O galinheiro fora feito de bambus verdes enfileirados e entrelaçados com arame. Havia uma parte de alvenaria coberta com telhas para proteger as aves da chuva e garantir os ovos e novas ninhadas de pintos. Separadas por seções, as poedeiras de um lado e as chocadeiras de outro; o galinheiro era limpo e organizado. Tudo bem feito e pintado de branco; uma mini-granja, dizia o homem orgulhoso.

Leonardo comprou um galo índio para cobrir as galinhas; a ave era de raça criada para rinhas de galos. Tinha penas coloridas de cinza azulado, marrom avermelhado, preto e branco; o Rei do galinheiro era grande e imponente. O homem passava horas olhando a ave e dizendo que faria uma criação de seus pintinhos. Quando recebíamos visitas ele as levava para conhecer o galinheiro mostrando sua ave predileta. Os outros frangos, aspirantes á galos, foram para a panela; o galo índio reinava sozinho.

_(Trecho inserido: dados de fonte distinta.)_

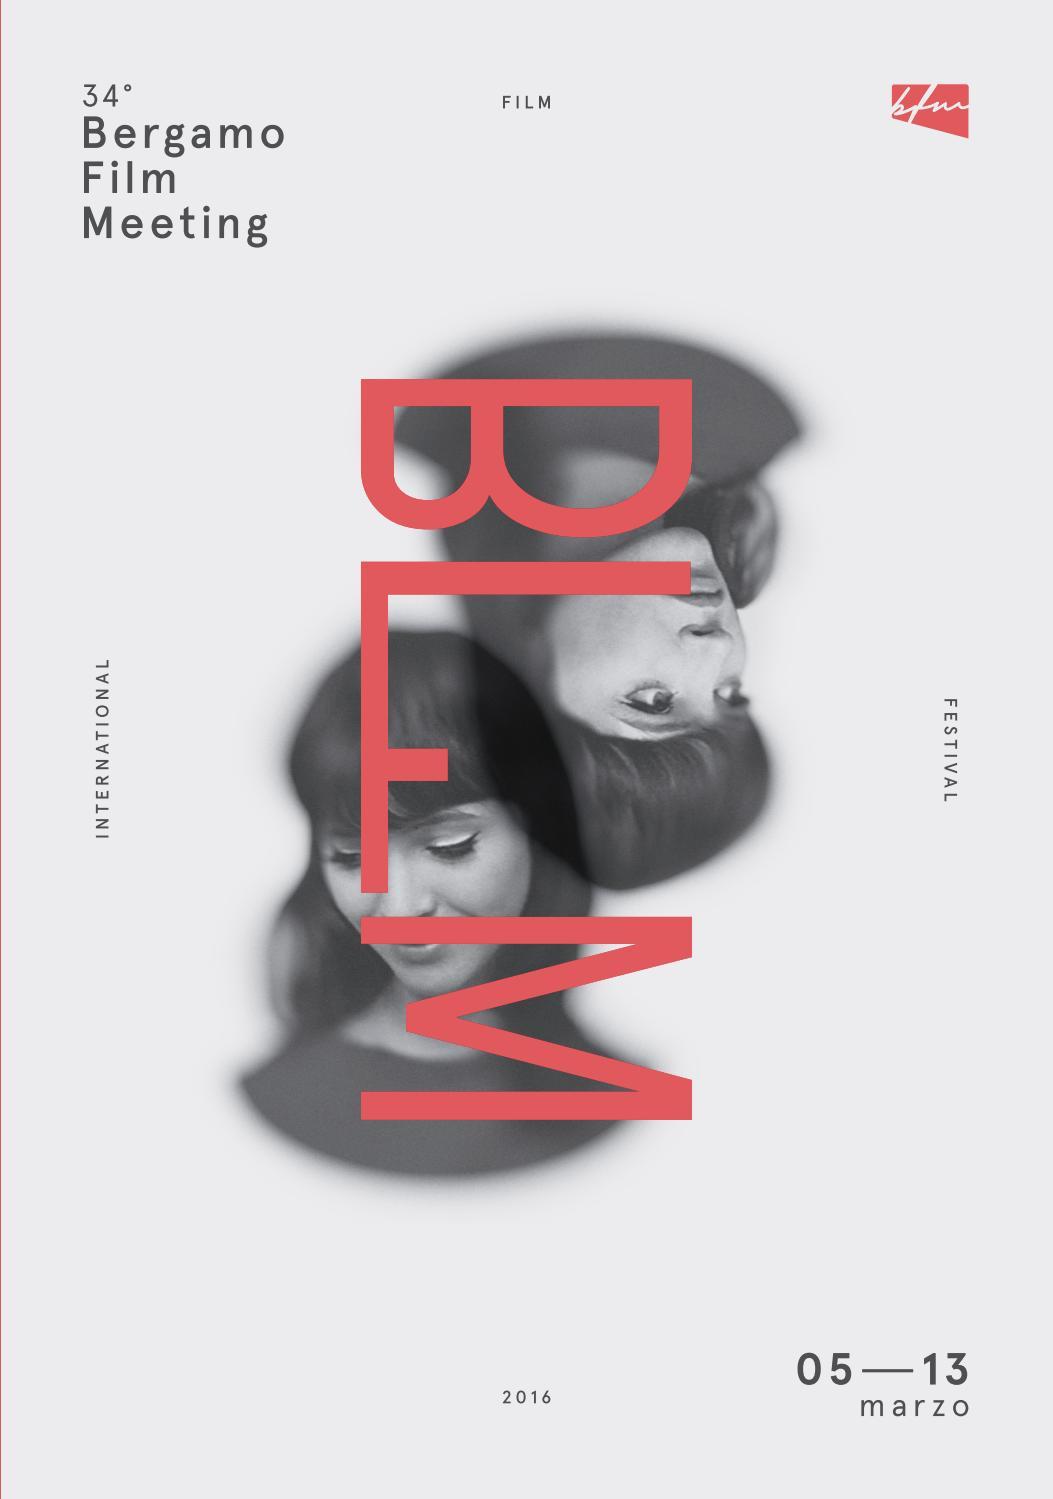 Bergamo Film Meeting Catalogo 2016 by aficfestival issuu
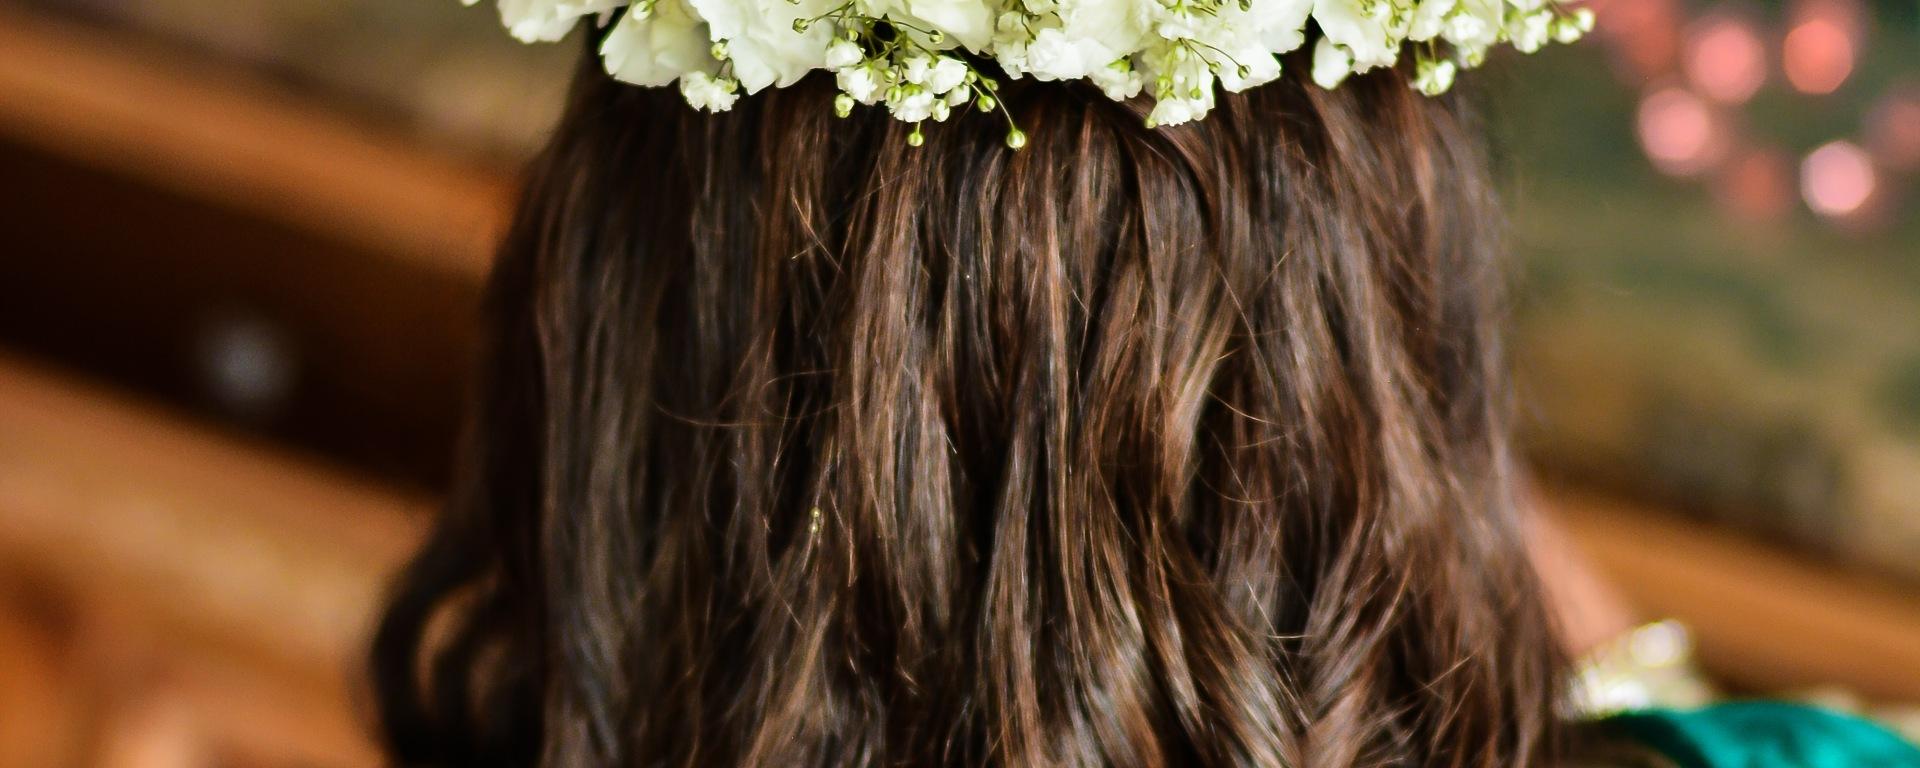 Indian bride's hair and makeup at her mehndi

Entre meus afazeres de dona de casa estava alimentar as aves pela manhã e á tarde. Leia, minha filha, adorava olhar os pintinhos correndo atrás da mãe. Quando eu pegava a vasilha de milho ela sorria e erguia os braços para que eu a pegasse no colo. A menina ficava no canto olhando as galinhas correr para comer os grãos; era uma festa que se repetia todos os dias.

Naquele dia o ritual foi seguido e de repente o Rei do galinheiro surgiu e pulou sobre a cabeça da menina. Fiquei paralisada imaginando a criança cegada pelas enormes unhas pontiagudas do galo índio; estava enlouquecida. Uma fúria inesperada me fez agarrar o bicho e espetá-lo na cerca de bambu. As pontas afiadas penetraram nas carnes da ave que se debatia emitindo uns cacarejos e batendo as asas. Peguei a menina e quando vi que não havia acontecido nada de mais grave, além do susto, fui voltando ao normal. Leia chorava e tentando acalmá-la eu olhava o que havia feito e não sabia o que fazer; estava sem ação.

Como um socorro Divino, Seu Luís, o vizinho olhando sobre o muro perguntava o que estava acontecendo. Quando o homem viu a ave espetada ficou espantado e correu para a minha casa me socorrer. Entre lágrimas lhe contei o ocorrido e pedi para que ele sumisse com o galo dali; podia comê-lo se quisesse. Saiu dizendo que teria que sacrificá-lo, pois, seus ferimentos eram profundos. O Rei do galinheiro de Leonardo iria para a panela do vizinho, porque eu jamais poderia comer aquela criatura que quase me matou de susto.

O problema fora resolvido momentaneamente, o pior viria depois. Eu não pensara na reação do dono da ave, passei o dia com o coração na mão. Enquanto a panela de pressão da vizinha cozinhava o galo soltando o vapor pela válvula eu voltava á realidade e por mais otimista que fosse sabia que a história não havia acabado.

Meu marido chegou do serviço fazendo festa para a filha e foi logo me beijando. Eu estremeci quando ele perguntou se estava tudo bem. Tinha que lhe dizer que seu galo estava sendo o prato principal do jantar do vizinho. Nunca fui covarde e resolvi enfrentar a situação, contei tudo sem tomar fôlego. Leonardo me olhava com raiva dizendo que eu era doida; discutimos até a hora de dormir. A paz na minha casa estava seriamente comprometida; uma nuvem negra pairava no ar.

Aquela foi a primeira briga séria que tivemos; ficamos um mês sem conversar. Leonardo respondia com monossílabos o que eu perguntava e não aceitava nenhum tipo de carinho; o homem estava enfurecido. Foi necessária a intervenção da mãe dele para que voltasse a falar comigo e mais um mês para me perdoar. Depois de anos passados ele se refere a mim como "louca" quando se toca no assunto e eu pergunto: O que foi que eu fiz? Então, eu mesma respondo, dizendo:

Feri mortalmente uma ave para defender minha filha e tenho certeza que o faria novamente em situação de perigo. Afinal, meu instinto de mãe continua vivo e o leão que trago dentro de mim está apenas adormecido.